Problem description
With pictures left out, output exactly the lines of the listing below from the line that has "rockport thong sandals womens" to the line that has "M&Co Pink Dobby Spot Shirt | M&Co 3", both lines kept.

Information provided
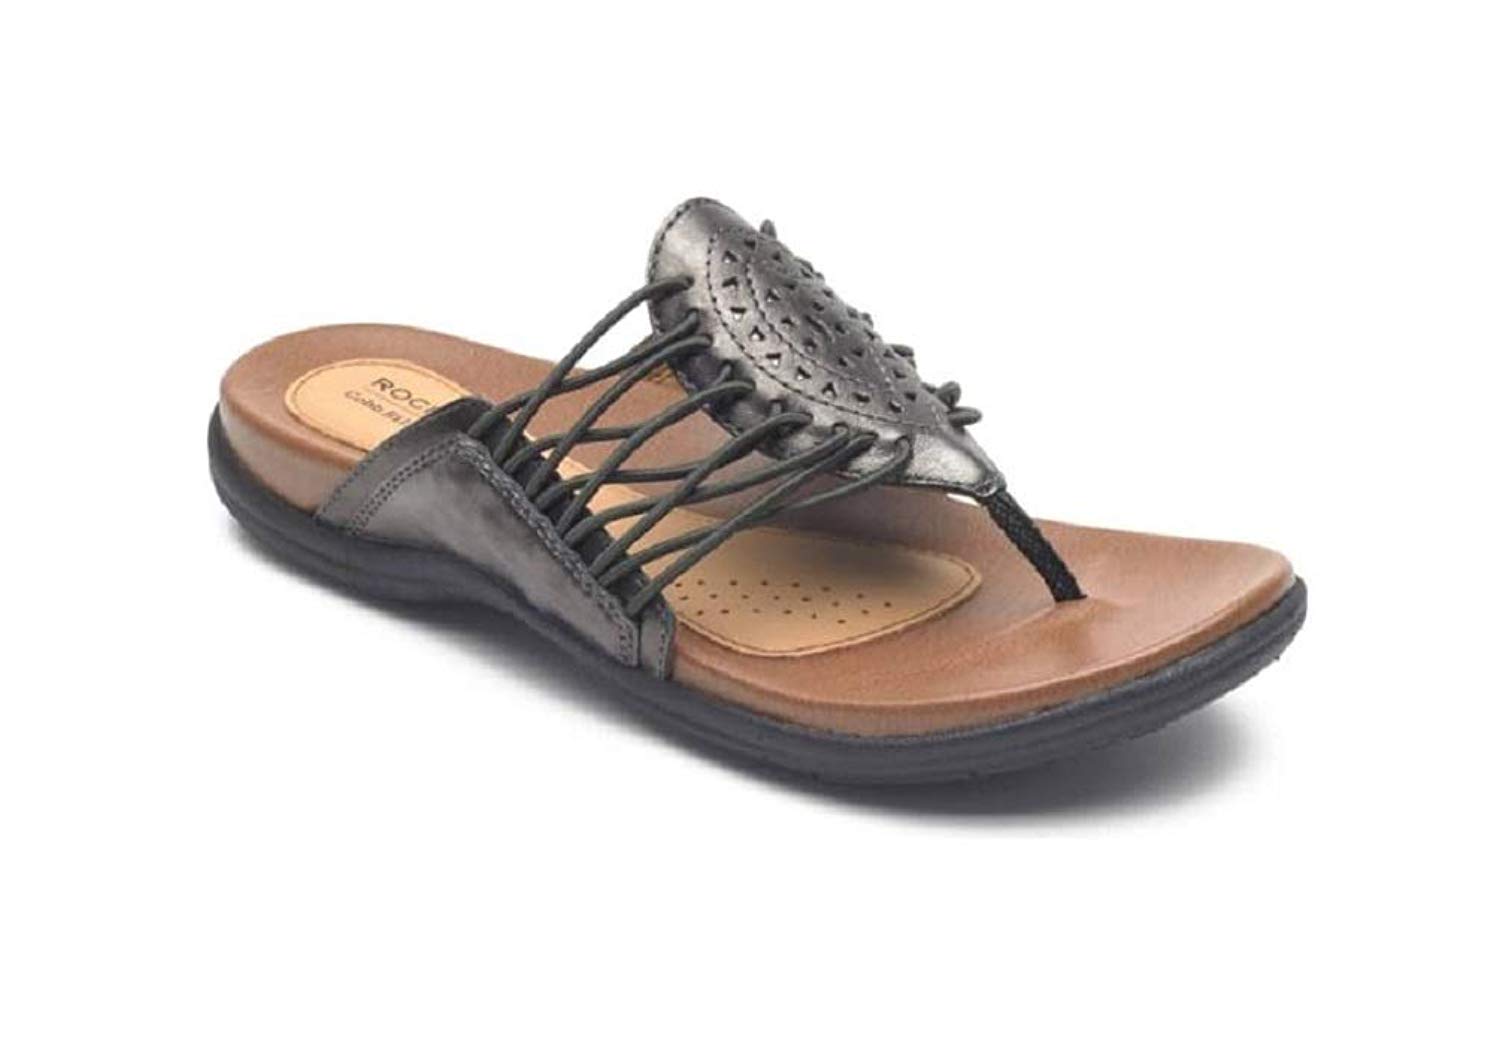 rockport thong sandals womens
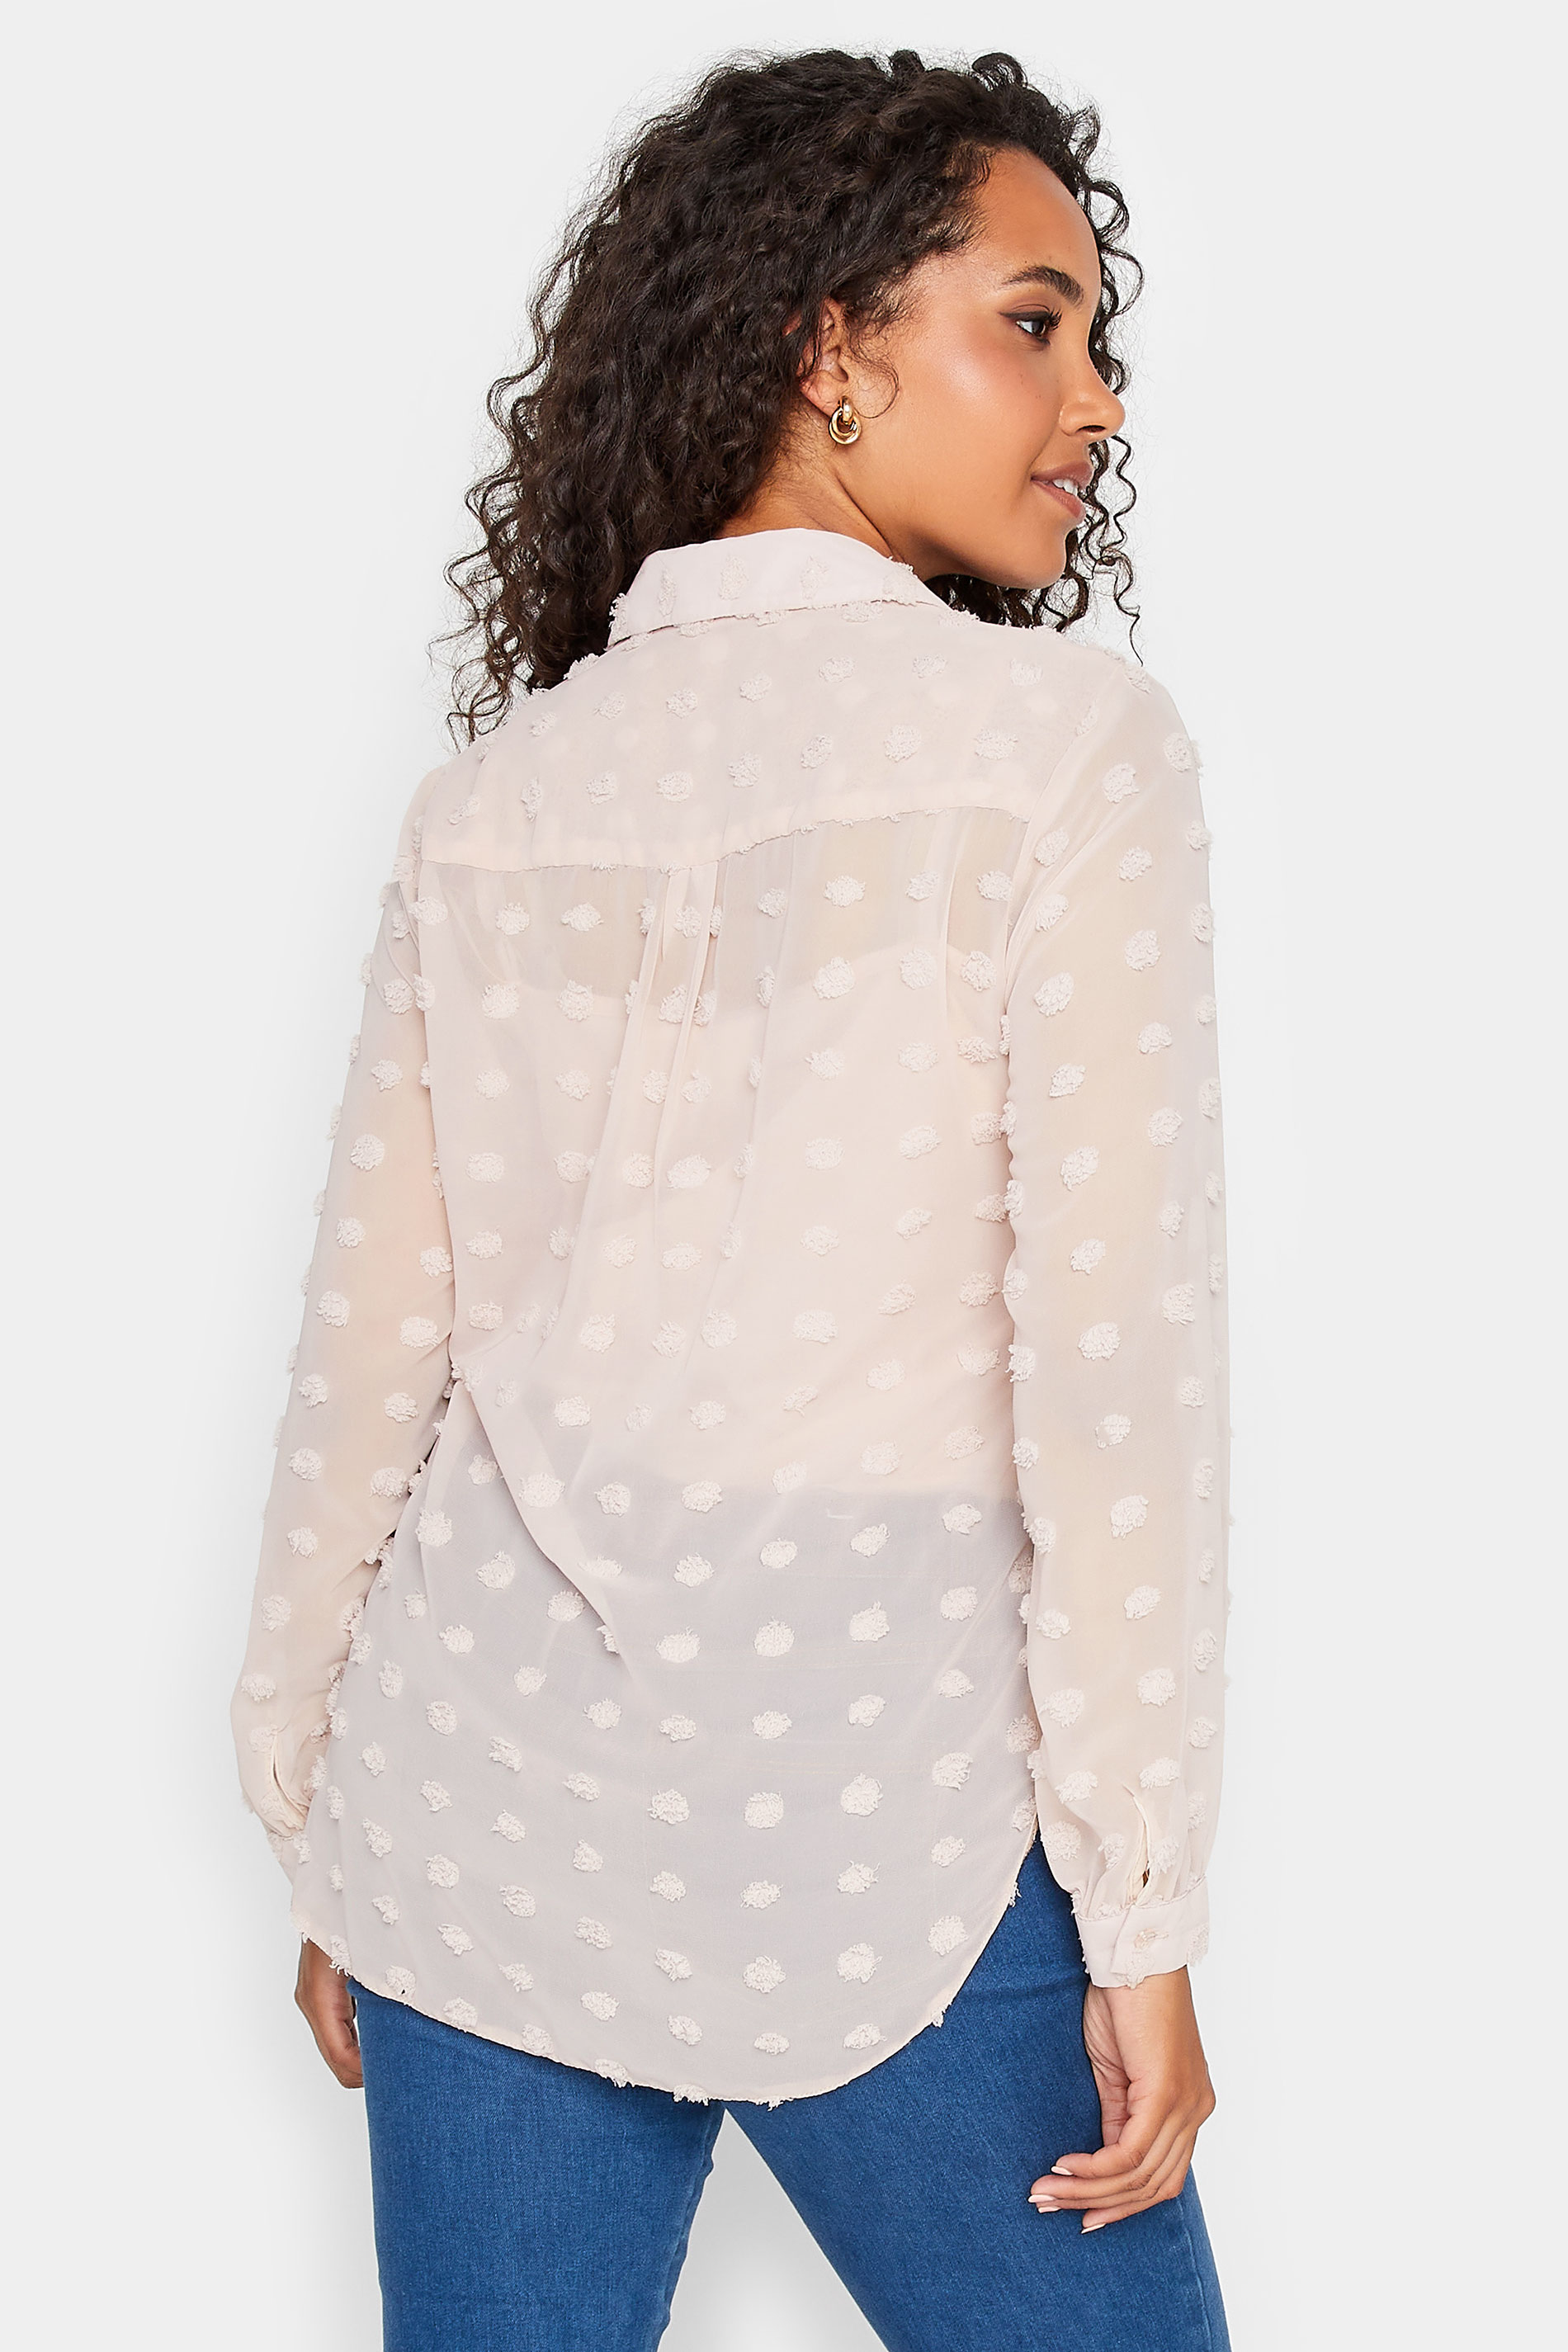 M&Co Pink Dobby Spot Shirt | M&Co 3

==

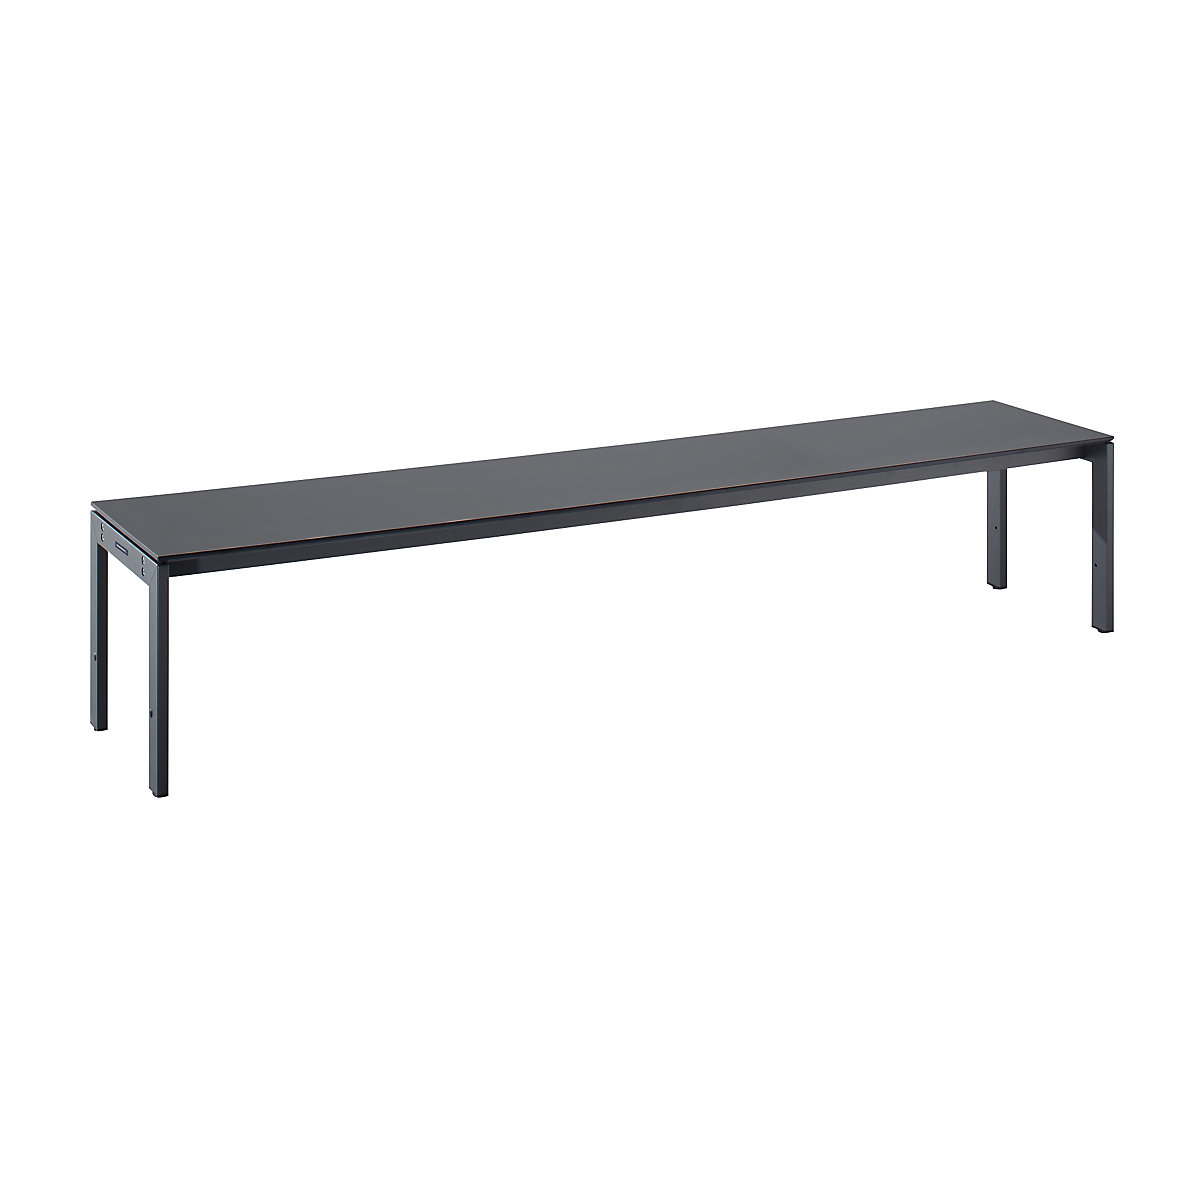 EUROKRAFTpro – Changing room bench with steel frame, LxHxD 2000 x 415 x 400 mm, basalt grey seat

Solved exercise
 rockport thong sandals womens
 M&Co Pink Dobby Spot Shirt | M&Co 3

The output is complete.